Alina: Yes and no. Sometimes I am feeling very lazy and don’t like that I have to go to weekly appointments for health checks. [laughs] It’s not really a bad thing, but sometimes it would be nice to get to feel lazy. In the first few months I was sick in the mornings, which was not normal for me. But that passed. There are times when pregnancy can be uncomfortable, but it does not change my mind.
As I watch Alina and her little girl run around the kitchen, play games, and go to the park for walks, I can’t see even a hint of this laziness that she speaks of. She seems like every caring mother I’ve ever seen. No different from those that are hosting their own pregnancy. I don’t see any of the darkness that “womb for hire” campaigns speak of.
The selection process for possible mothers for surrogacy Ukraine is shockingly difficult and thorough. I spoke to one of the doctors at a top listed clinic that provides surrogacy Ukraine with services. The doctor preferred to remain anonymous in order to protect their own privacy and the privacy of their patients.
So what is the selection process like to be eligible as a surrogate mother?
Doctor: There are many physical and mental health checks that a potential surrogate mother must go through. They are expected to be in top mental and physical condition. They cannot have any errant health problems. They must have already had at least one child of their own. This shows that the woman in question is capable of carrying a pregnancy to term with little or no problem. There is also the psychological belief, that if a women has a child of her own, she will be less inclined to experience postpartum depression with the surrogate child.
Are these health checks on going throughout the surrogacy process?

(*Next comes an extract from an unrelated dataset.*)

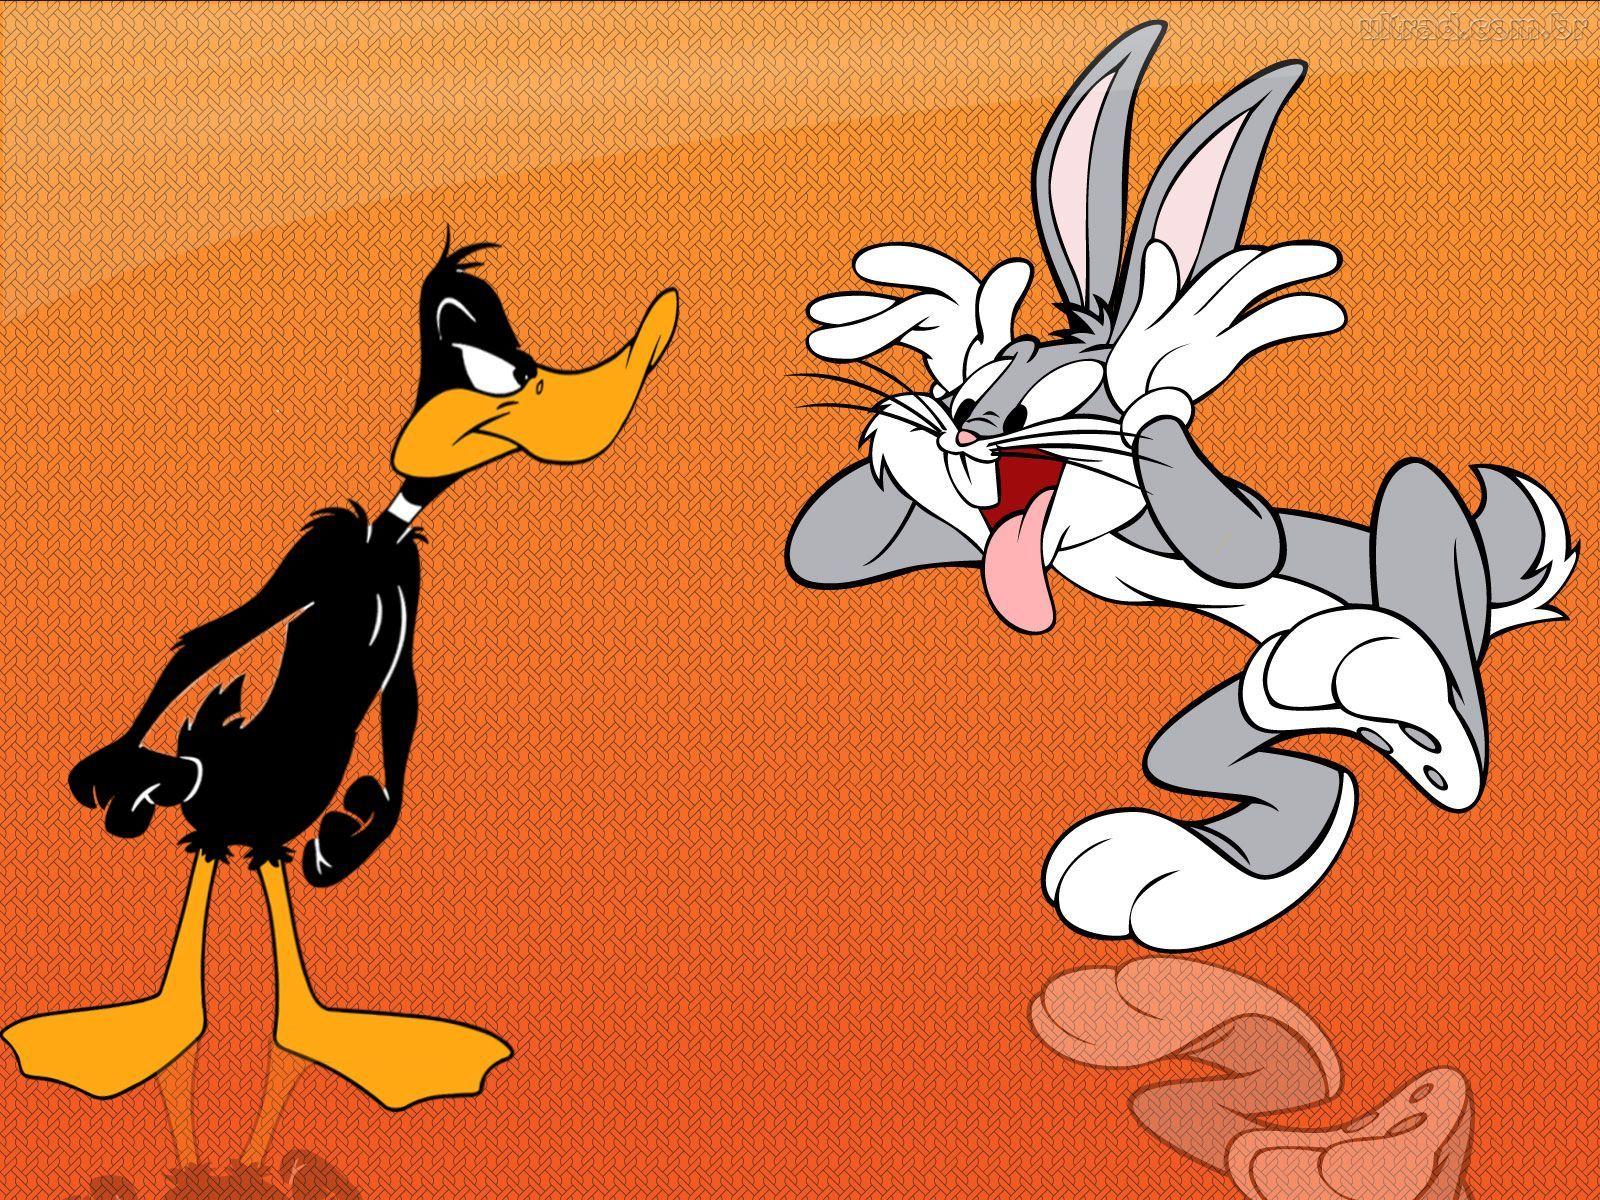 Bugs Bunny Drawing Daffy Duck Episode Daffy Looney Toons Bugs Bunny

Doctor: Yes. Once a potential surrogacy Ukraine candidate passes all of the initial health exams, they are then matched with suitable intended parents. This is not generally an easy process, as we like the goals and general morals of the surrogate mother to closely match or mirror those of the intended parents. There is usually some group counselling with all parties involved after an initial decision is made. If that goes well, and the surrogate meets the needs of the intending parents, they are impregnated with IVF. When the pregnancy is secured, the surrogate mother then returns to our clinic on a weekly basis to have general health and wellbeing checks performed. Our surrogate mothers get far more intensive care than most pregnant women do.
Do you think surrogacy Ukraine takes advantage of poor women with limited options?
Doctor: No. No, absolutely not, I actually feel like the laws regarding who can be a potential surrogate completely negate that as a possibility. You must be in good health, with proper nourishment and a healthy and calm home environment to be able to even apply. Surrogacy Ukraine is very selective when it comes to who it allows to be a surrogate mother. I think it is these laws and their nature that has seen such an increase in intended parents coming to Ukraine in search of a surrogate.
While surrogacy remains a contentious concept and laws concerning it differ greatly by the country a person resides in, it seems like the laws regarding surrogacy Ukraine are progressive and protective to say the least. Many people will still happily point out that there is a “black market” for surrogacy that can wind up taking advantage of needy woman, that black market exists just about anywhere- from stolen goods to organs. If intended parents take the time to find a reputable agency, and do their research along the way, surrogacy Ukraine can offer both the intended parents and the surrogate mother the gift of life.